Just before the launch, Guccione’s wife Kathy Keaton received a call that I must fly to the West Coast in order to attend a Rand Institute meeting to discuss the Prospectus at the home of Jerry Pournell, a science/science-fiction writer in Los Angeles.

I walked into this room that was the most “wired” room I had ever even dreamed of. They could monitor my heart rate through the walls. They informed me under no uncertain terms that the Prospectus posed a grave threat to national security.

They informed me that the Pentagon and the defense establishment had developed a plan to build space defenses and the idea of commercializing space development would potentially dilute that effort.

Seething inside, but maintaining my cool, I told them that a nation’s security was not dependent on weapons systems alone and that creating a world of abundance would increase our nation’s security just as well. Why not do it all? 

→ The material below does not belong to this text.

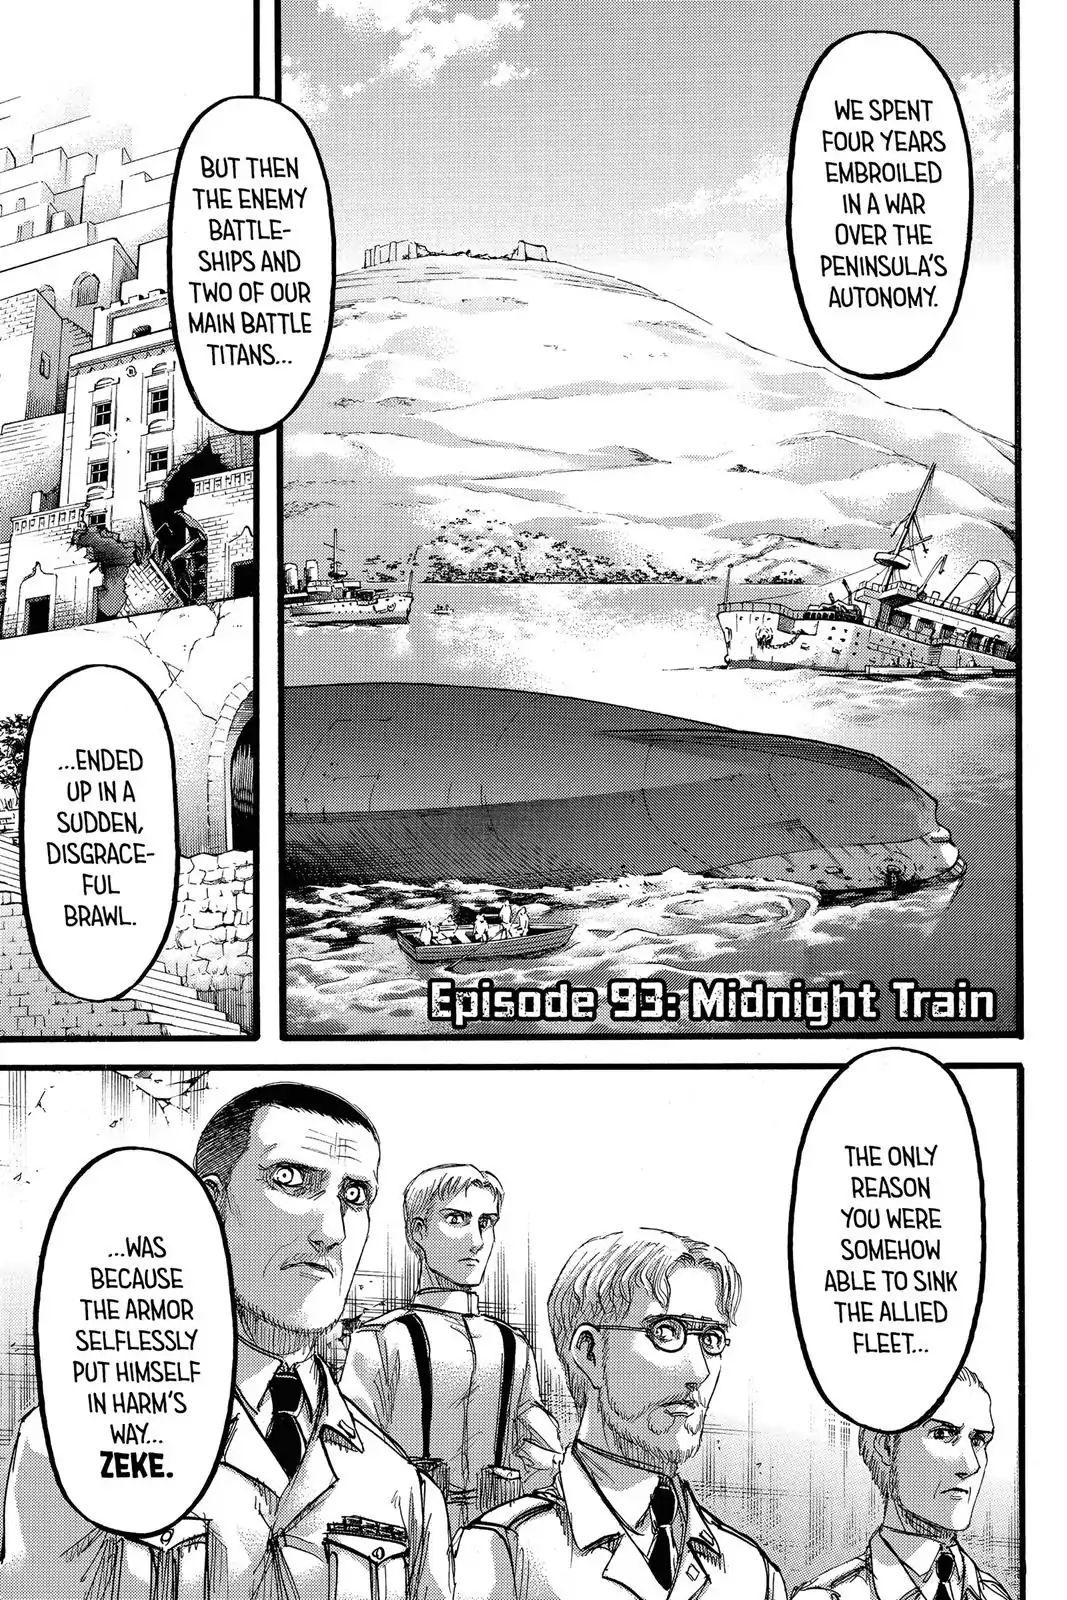 Attack On Titan, Chapter 88 - Attack On Titan Manga Online

Here I was, Peter Anderson, in the very heart of the beast, being told that I was putting national security at risk. I tried to convince them that our security also depended on our economic strength and how the world viewed us. This was the quintessential point at the center of the notion of abundance for all.

For example, I told them, a solar-powered satellite over the bauxite deposits in Nigeria could end up providing washing machines for all in that part of Africa. So, at least I got to tell those people, in the most wired room in the world in terms of surveillance, how screwed up they were.

I reported all this to Ben Bova, Bob Guccione, and Kathy Keaton; and they courageously decided that we’d go ahead with the presentation of the Prospectus. But one week before the shuttle flew, another “crazed lone assassin” put a bullet in President Reagan and he was no longer available to receive the Prospectus following Columbia’s first flight.

He did get to see it in November, but with little fanfare. And it was a grim experience for me, one year later, to hear Reagan quote two whole sentences verbatim from it, even as Congress was busy justifying the Star Wars program, the very thing I abhorred.

But my philosophy is that if one receives or comes up with a good idea, the only sin is not to act on it. You may succeed in it or you may fail with it. I sum up my life with that statement. One must have the courage to act on one’s good ideas. And it was during this experience that I met Joanna Leary, Timothy Leary’s former wife, whom I would marry, but that’s another story.